**Problem description**:
This calls for a verbatim copy of all the data, with no images carried over.

**The records**:

++++++++

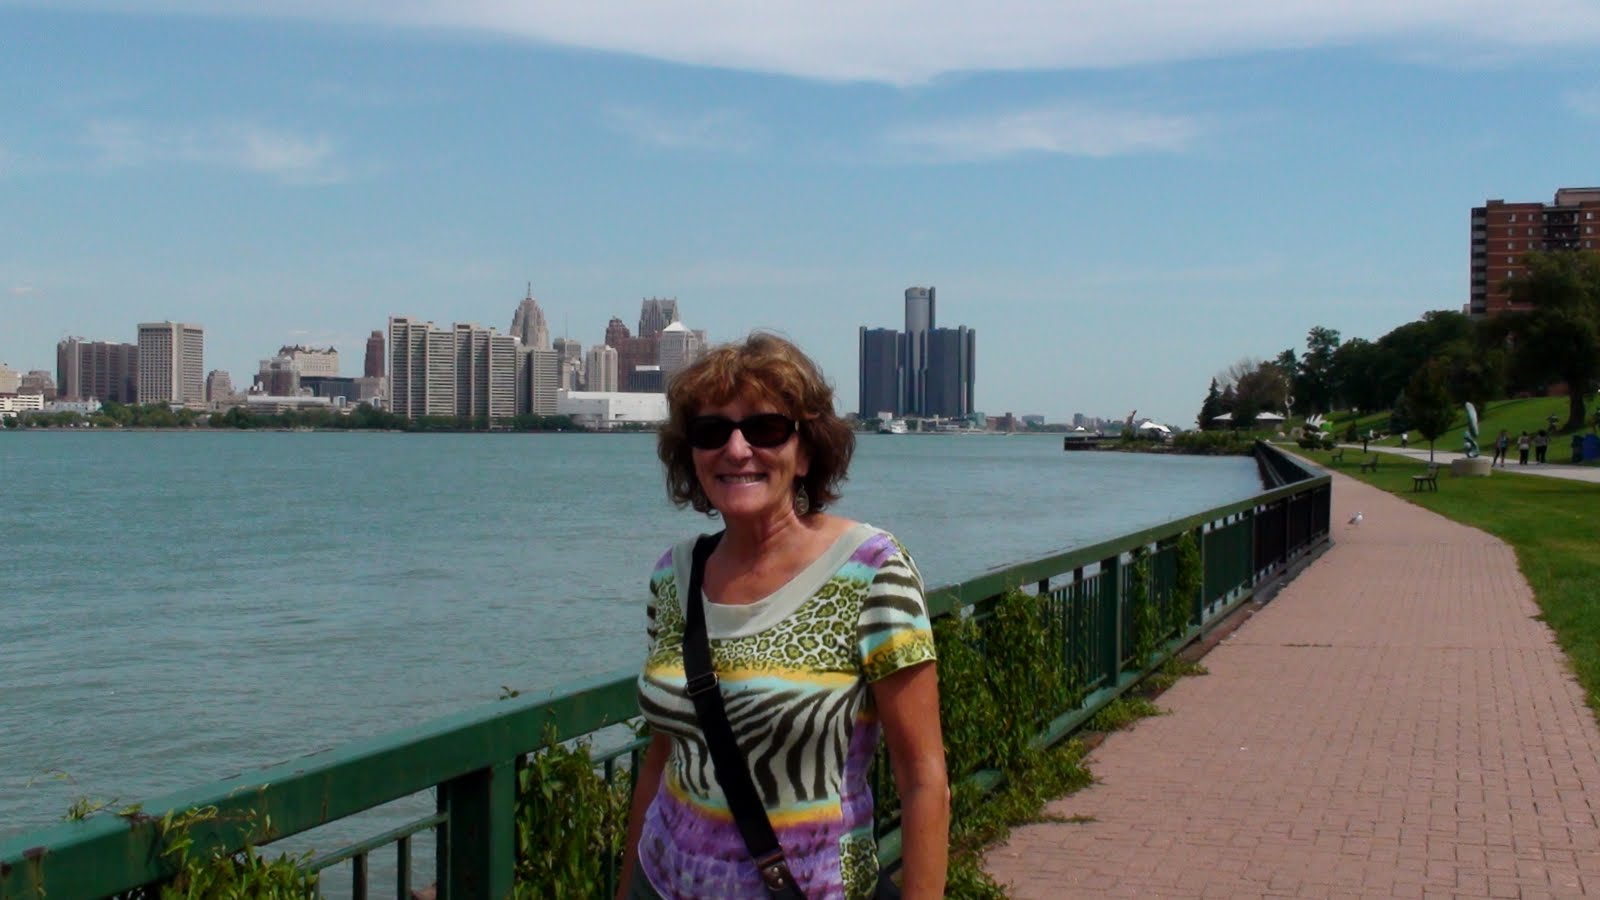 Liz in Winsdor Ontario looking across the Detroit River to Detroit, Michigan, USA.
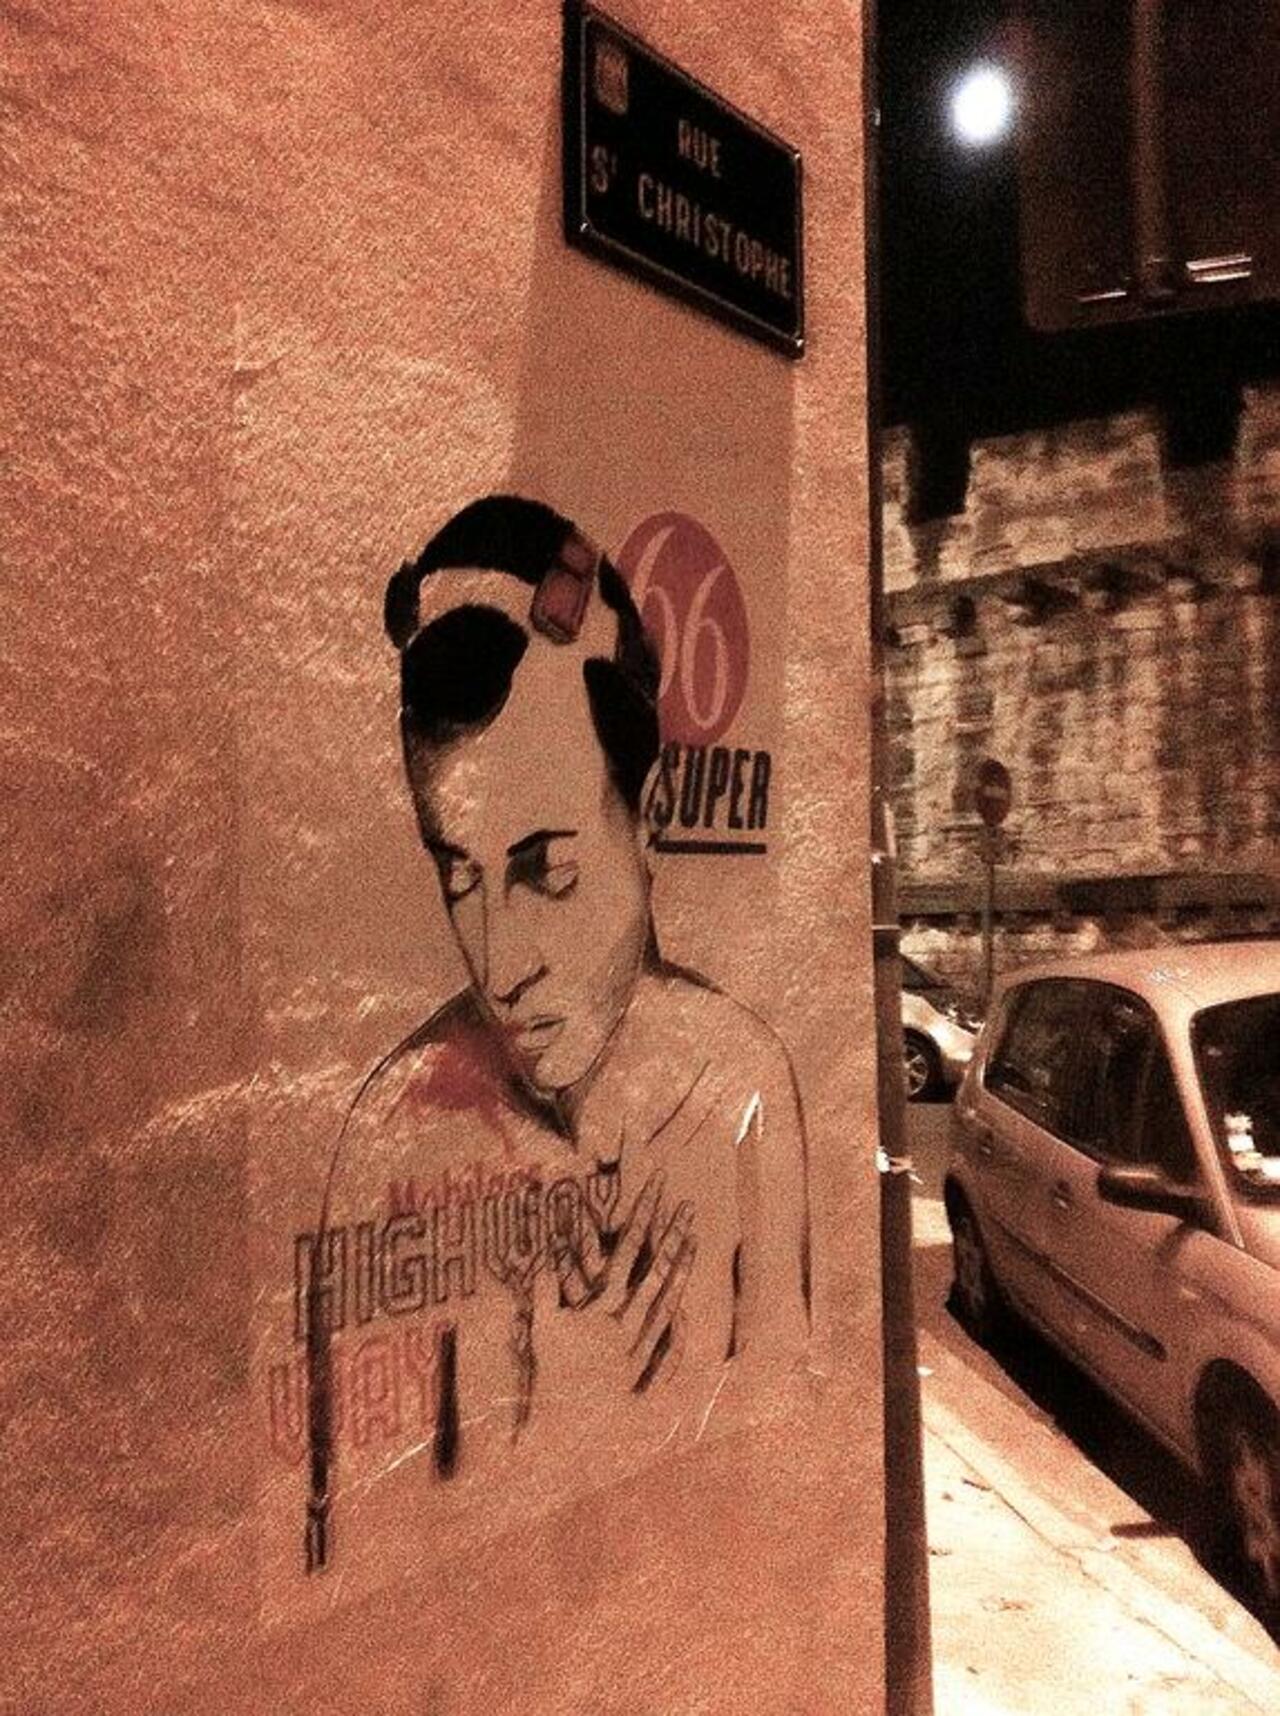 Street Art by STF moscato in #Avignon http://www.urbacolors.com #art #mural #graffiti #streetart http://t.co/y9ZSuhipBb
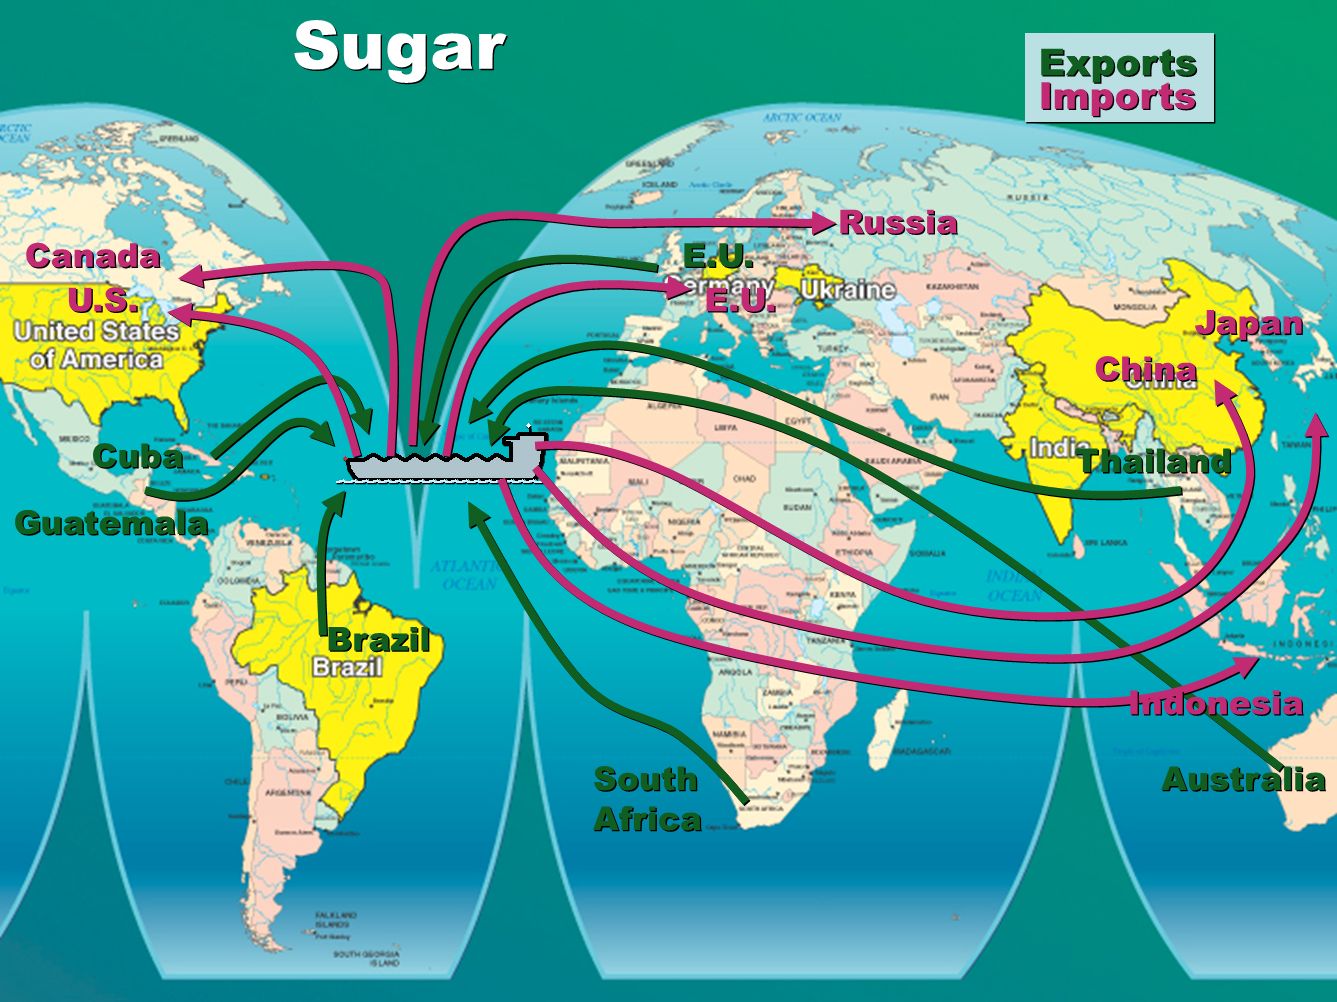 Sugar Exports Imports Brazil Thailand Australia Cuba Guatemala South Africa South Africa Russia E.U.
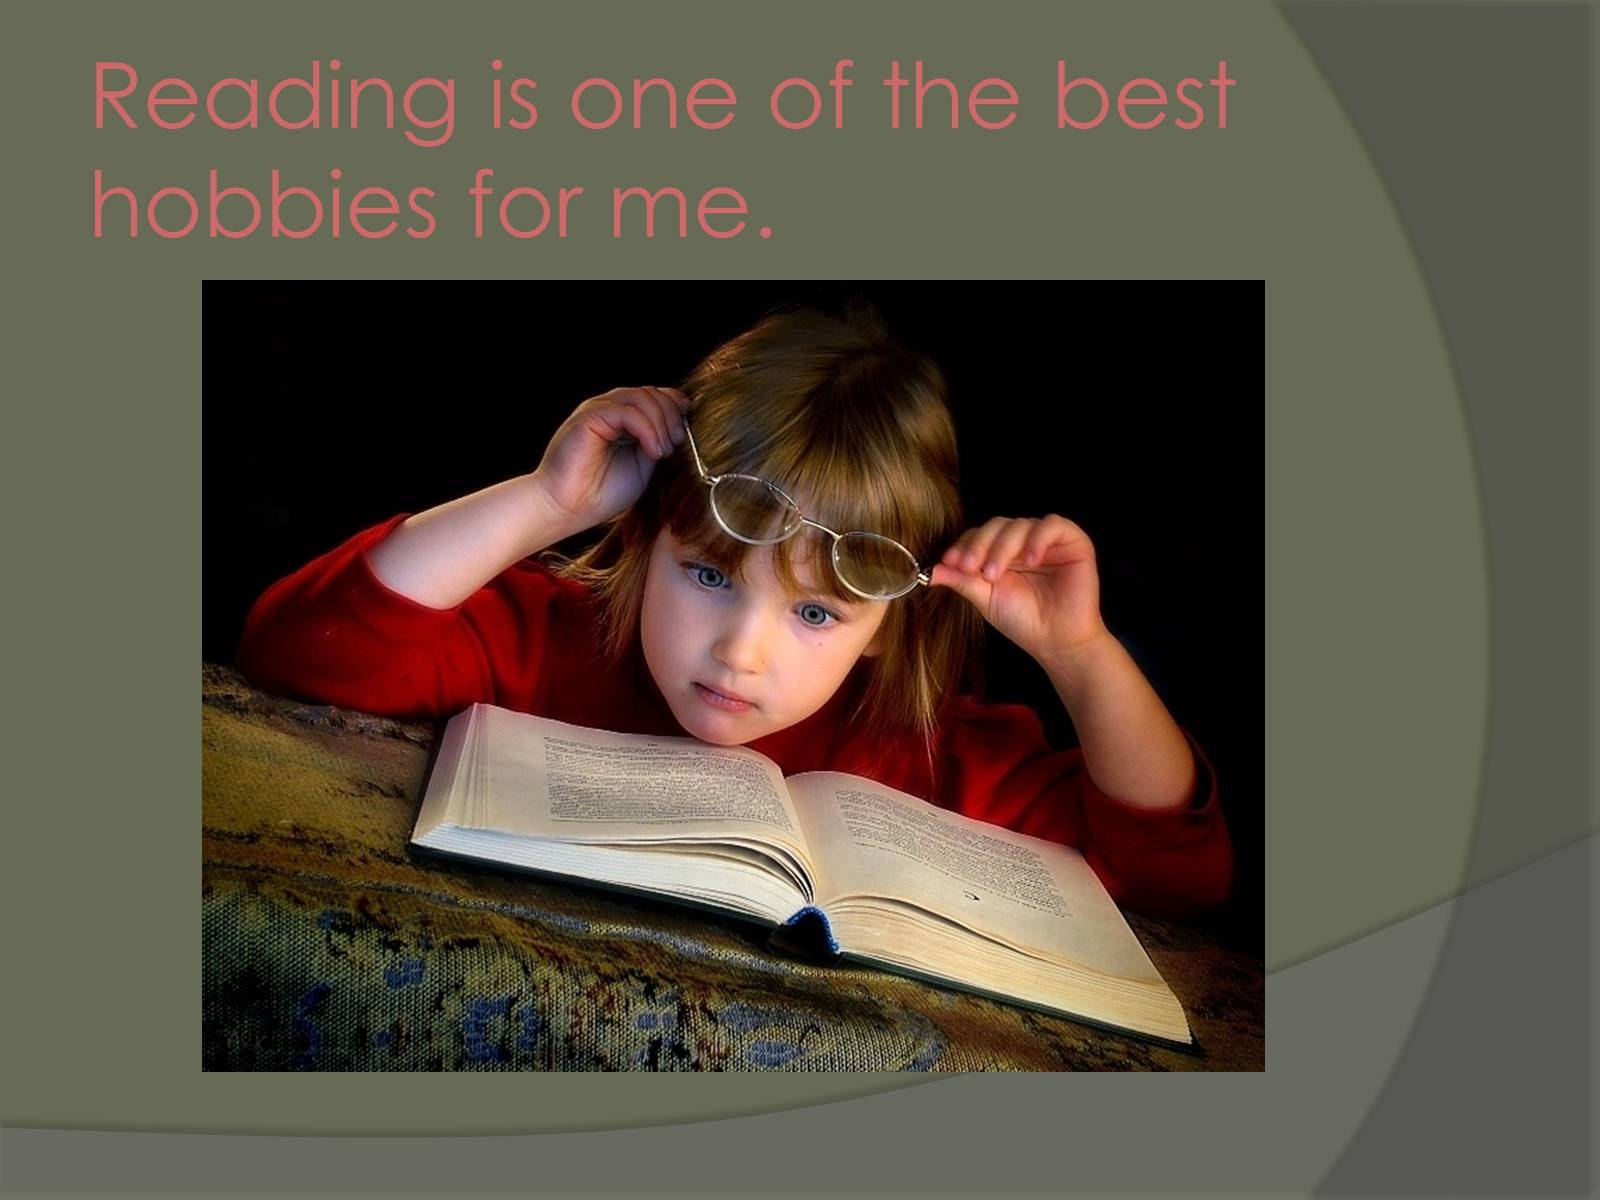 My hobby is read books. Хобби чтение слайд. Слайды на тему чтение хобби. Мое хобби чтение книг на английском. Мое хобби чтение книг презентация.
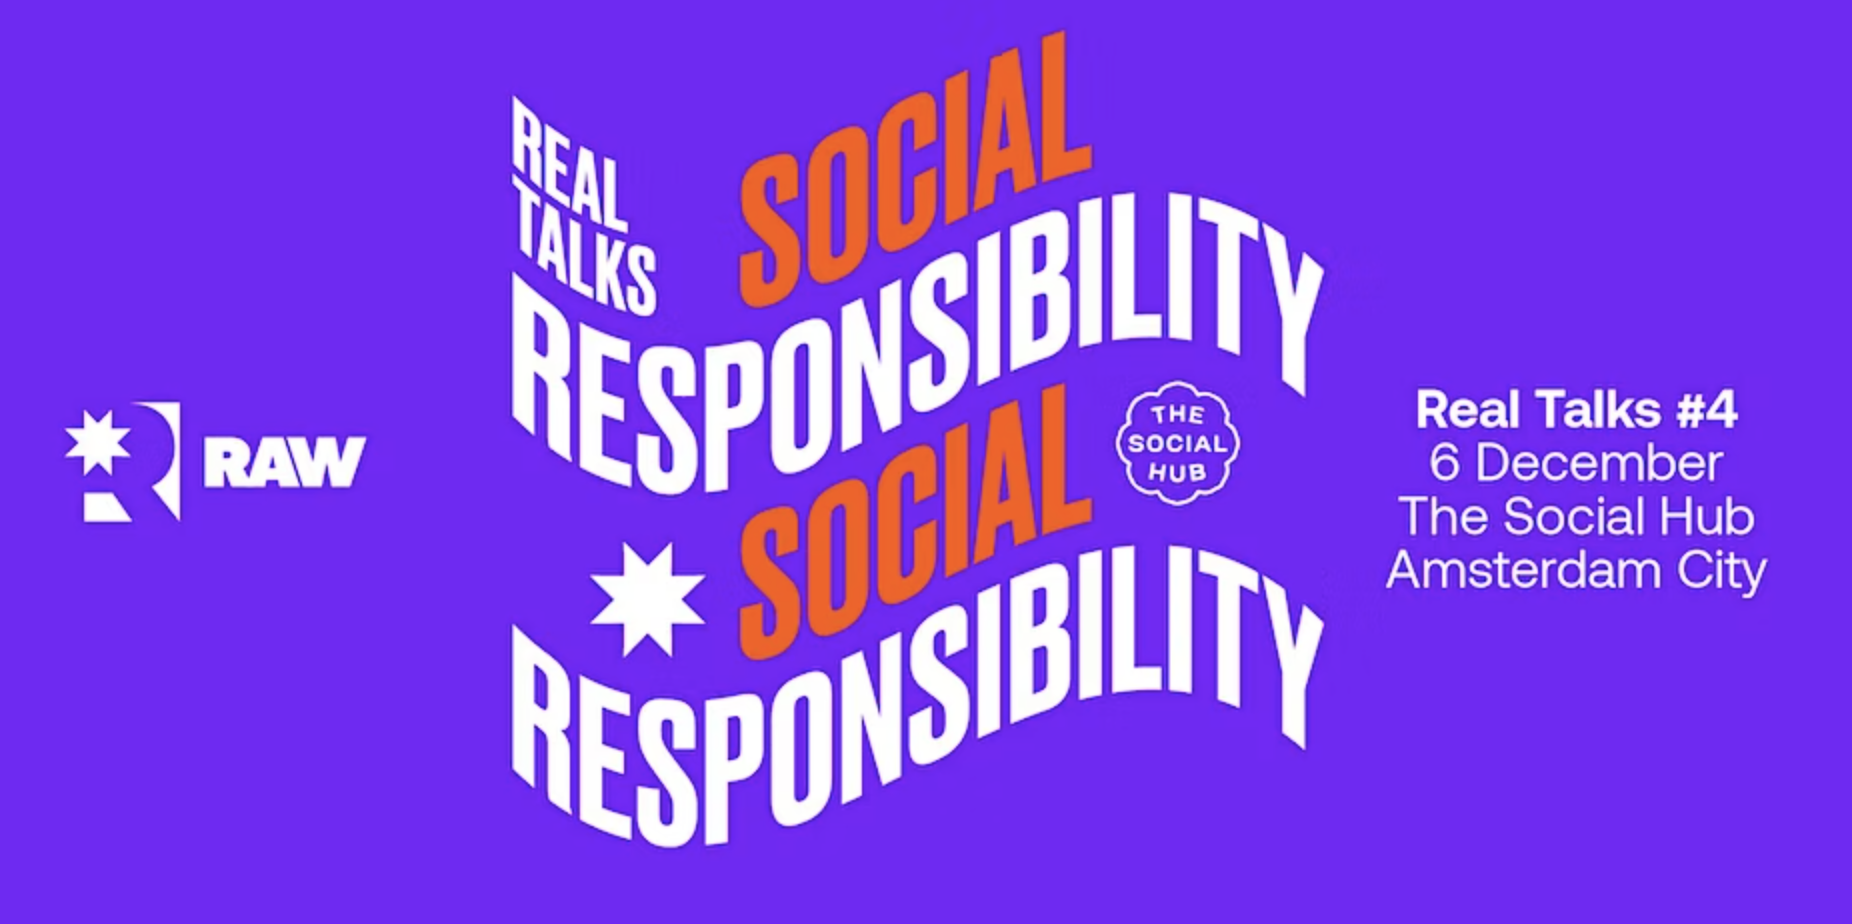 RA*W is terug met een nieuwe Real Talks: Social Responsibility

++++++++

**Exercise output**:
 Liz in Winsdor Ontario looking across the Detroit River to Detroit, Michigan, USA.
 Street Art by STF moscato in #Avignon http://www.urbacolors.com #art #mural #graffiti #streetart http://t.co/y9ZSuhipBb
 Sugar Exports Imports Brazil Thailand Australia Cuba Guatemala South Africa South Africa Russia E.U.
 My hobby is read books. Хобби чтение слайд. Слайды на тему чтение хобби. Мое хобби чтение книг на английском. Мое хобби чтение книг презентация.
 RA*W is terug met een nieuwe Real Talks: Social Responsibility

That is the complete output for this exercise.